StephennFernandes commented 1 year ago

hey @mechanicalsea

i build something like this , and got all the xvectors. Could you please confirm and validate if what i did was correct, dont want to end up in a wrong implementation as i am new to this.

import os
import glob
import numpy
import argparse
import torchaudio
from speechbrain.pretrained import EncoderClassifier
import torch
from tqdm import tqdm
import torch.nn.functional as F

spk_model = {
    "speechbrain/spkrec-xvect-voxceleb": 512, 
    "speechbrain/spkrec-ecapa-voxceleb": 192,
}

def f2embed(wav_file, classifier, size_embed):
    signal, fs = torchaudio.load(wav_file)
    assert fs == 16000, fs
    with torch.no_grad():
        embeddings = classifier.encode_batch(signal)
        embeddings = F.normalize(embeddings, dim=2)
        embeddings = embeddings.squeeze().cpu().numpy()
    assert embeddings.shape[0] == size_embed, embeddings.shape[0]
    return embeddings

def process(args):
    wavlst = []
    for ext in ["wav", "flac"]:
        wav_dir = os.path.join(args.input_root, "*." + ext)
        wavlst_split = glob.glob(wav_dir)
        print(f"{ext.upper()} {len(wavlst_split)} utterances.")
        wavlst.extend(wavlst_split)

    spkemb_root = args.output_root
    if not os.path.exists(spkemb_root):
        print(f"Create speaker embedding directory: {spkemb_root}")
        os.makedirs(spkemb_root)
    device = "cuda" if torch.cuda.is_available() else "cpu"
    classifier = EncoderClassifier.from_hparams(source=args.classifier_model, run_opts={"device": device}, savedir=os.path.join('/tmp', args.classifier_model))
    size_embed = spk_model[args.classifier_model]
    for wav_file in tqdm(wavlst, total=len(wavlst), desc="Extracting XVectors"):
        basename = os.path.splitext(os.path.basename(wav_file))[0]
        xvector = f2embed(wav_file, classifier, size_embed)
        numpy.save(os.path.join(spkemb_root, f"{basename}.npy"), xvector)

def main():
    parser = argparse.ArgumentParser()
    parser.add_argument("--input-root", "-i", required=True, type=str, help="Input directory containing WAV files.")
    parser.add_argument("--output-root", "-o", required=True, type=str, help="Output directory for speaker embeddings.")
    parser.add_argument("--classifier-model", "-c", type=str, required=True, default="speechbrain/spkrec-xvect-voxceleb",
                        choices=["speechbrain/spkrec-xvect-voxceleb", "speechbrain/spkrec-ecapa-voxceleb"],
                        help="Pretrained model for extracting speaker embeddings.")
    args = parser.parse_args()
    print(f"Extracting XVectors from {args.input_root}, "
        + f"and saving to {args.output_root}, "
        + f"using the {args.classifier_model} classifier with {spk_model[args.classifier_model]} size.")
    process(args)

if __name__ == "__main__":
    """
    python get_xvectors.py \
        -i /path/to/wav/files \
        -o /path/to/output/dir \
        -c speechbrain/spkrec-xvect-voxceleb
    """
    main()
mechanicalsea commented 1 year ago

As you got all the xvectors and used speechbrain/spkrec-xvect-voxceleb model as well as def f2embed function, I think it would be good.

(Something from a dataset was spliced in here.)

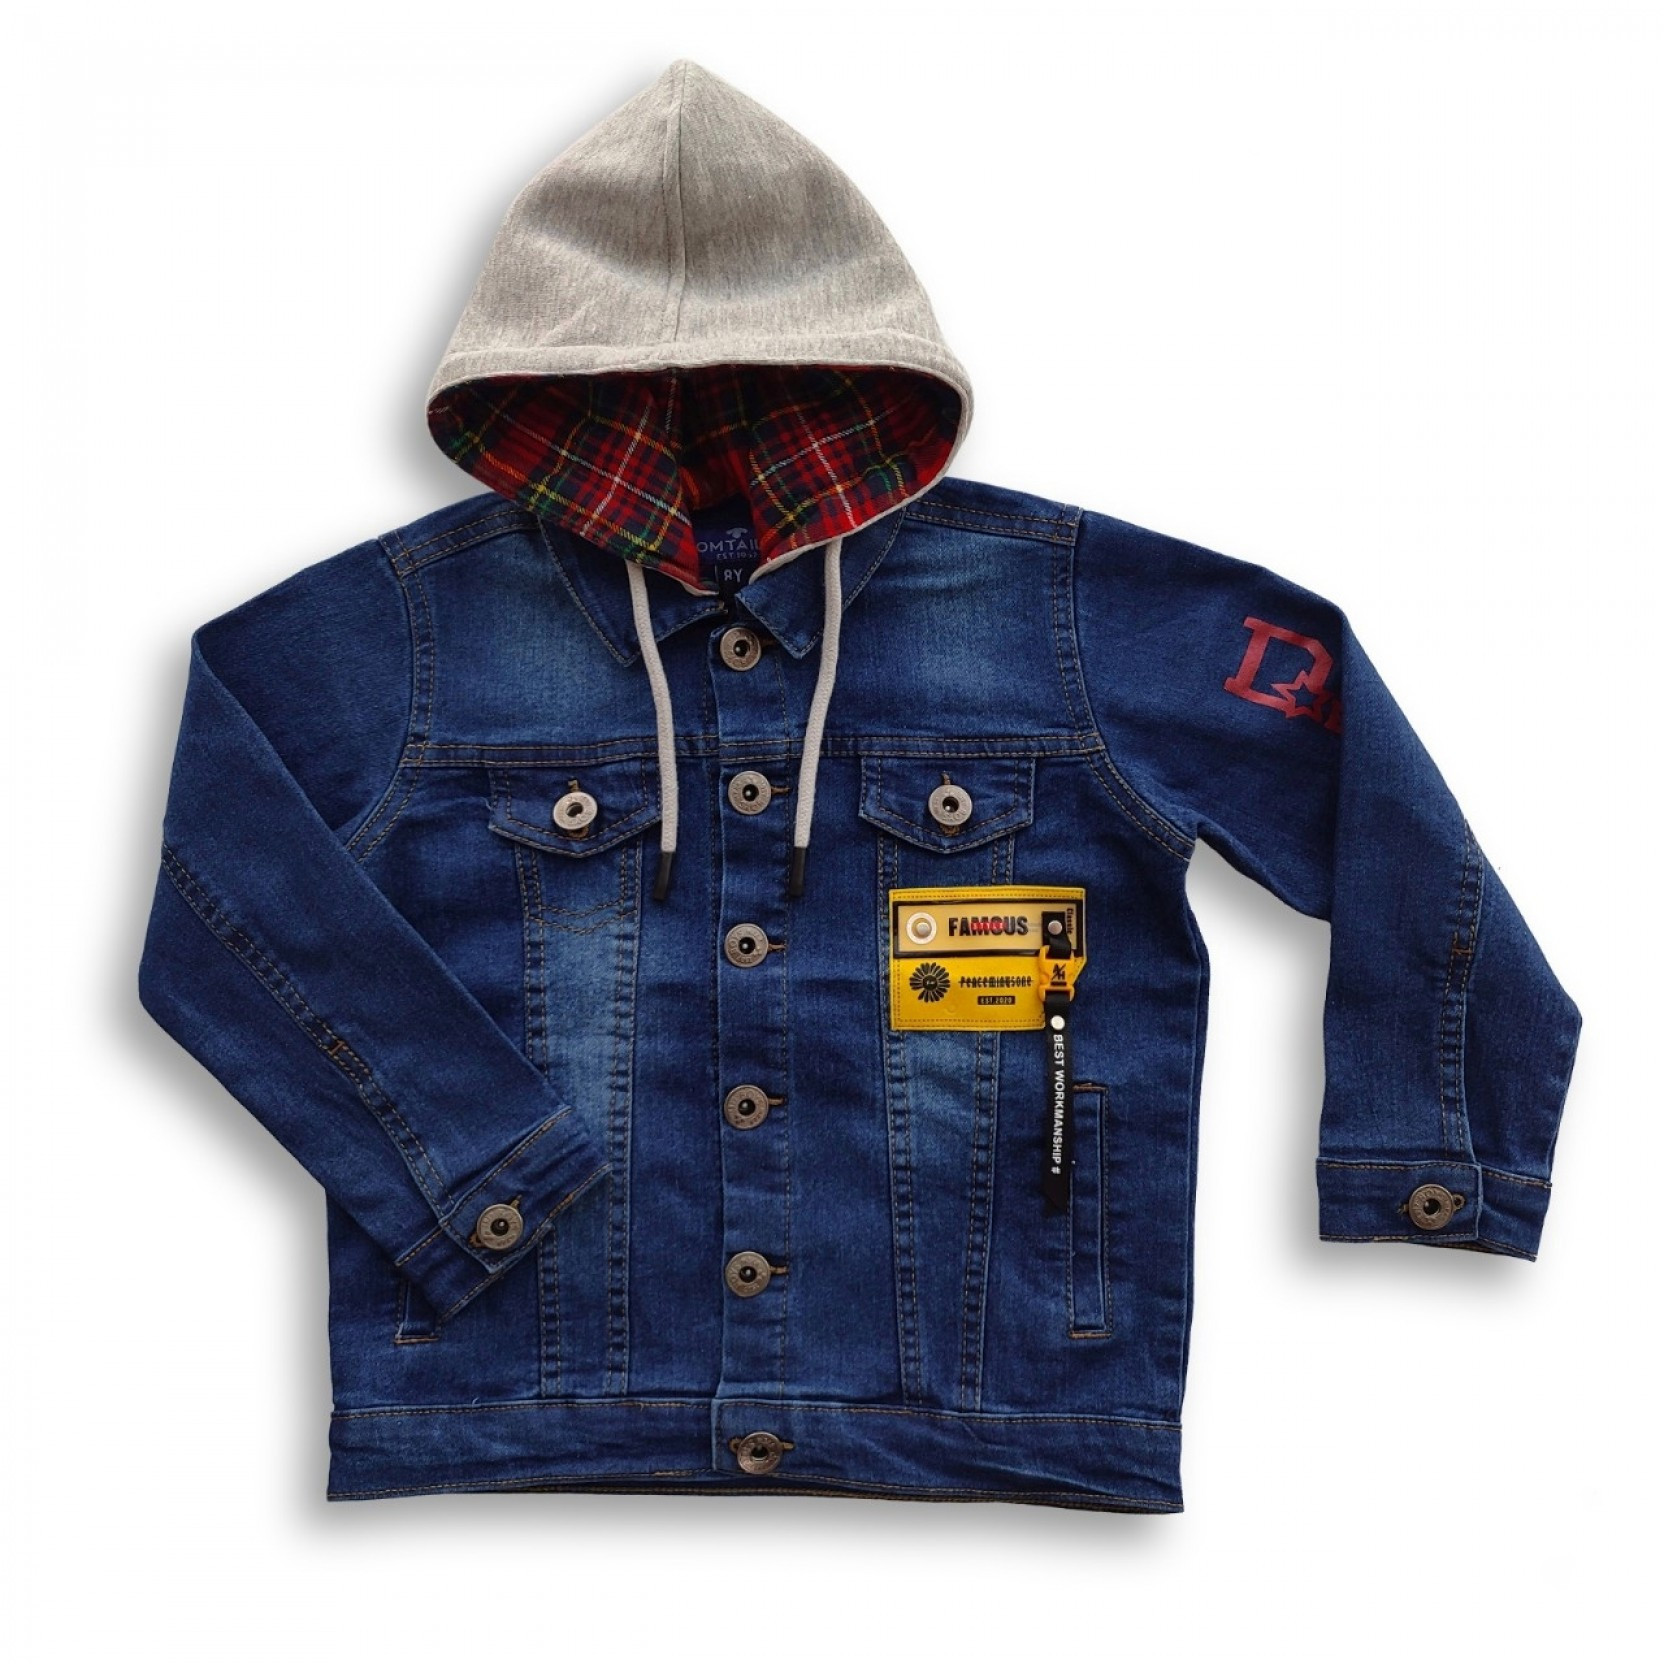 URMAGIC Toddler Baby Boy Shirt Denim Jacket Coat Outwear Fall Outfit  Clothes 18 Months- 6 Years - Walmart.com

StephennFernandes commented 1 year ago

@mechanicalsea as my training dataset is multilingual that are multiple indian languages, but the model used is speechbrain/spkrec-xvect-voxceleb will there be any issues with performance and accuracy of the xvector ? will this have any impact on my speechT5 pretraining ?

mechanicalsea commented 1 year ago

@mechanicalsea as my training dataset is multilingual that are multiple indian languages, but the model used is speechbrain/spkrec-xvect-voxceleb will there be any issues with performance and accuracy of the xvector ? will this have any impact on my speechT5 pretraining ?

could you post an another issue about extracting multilingual language speaker embedding?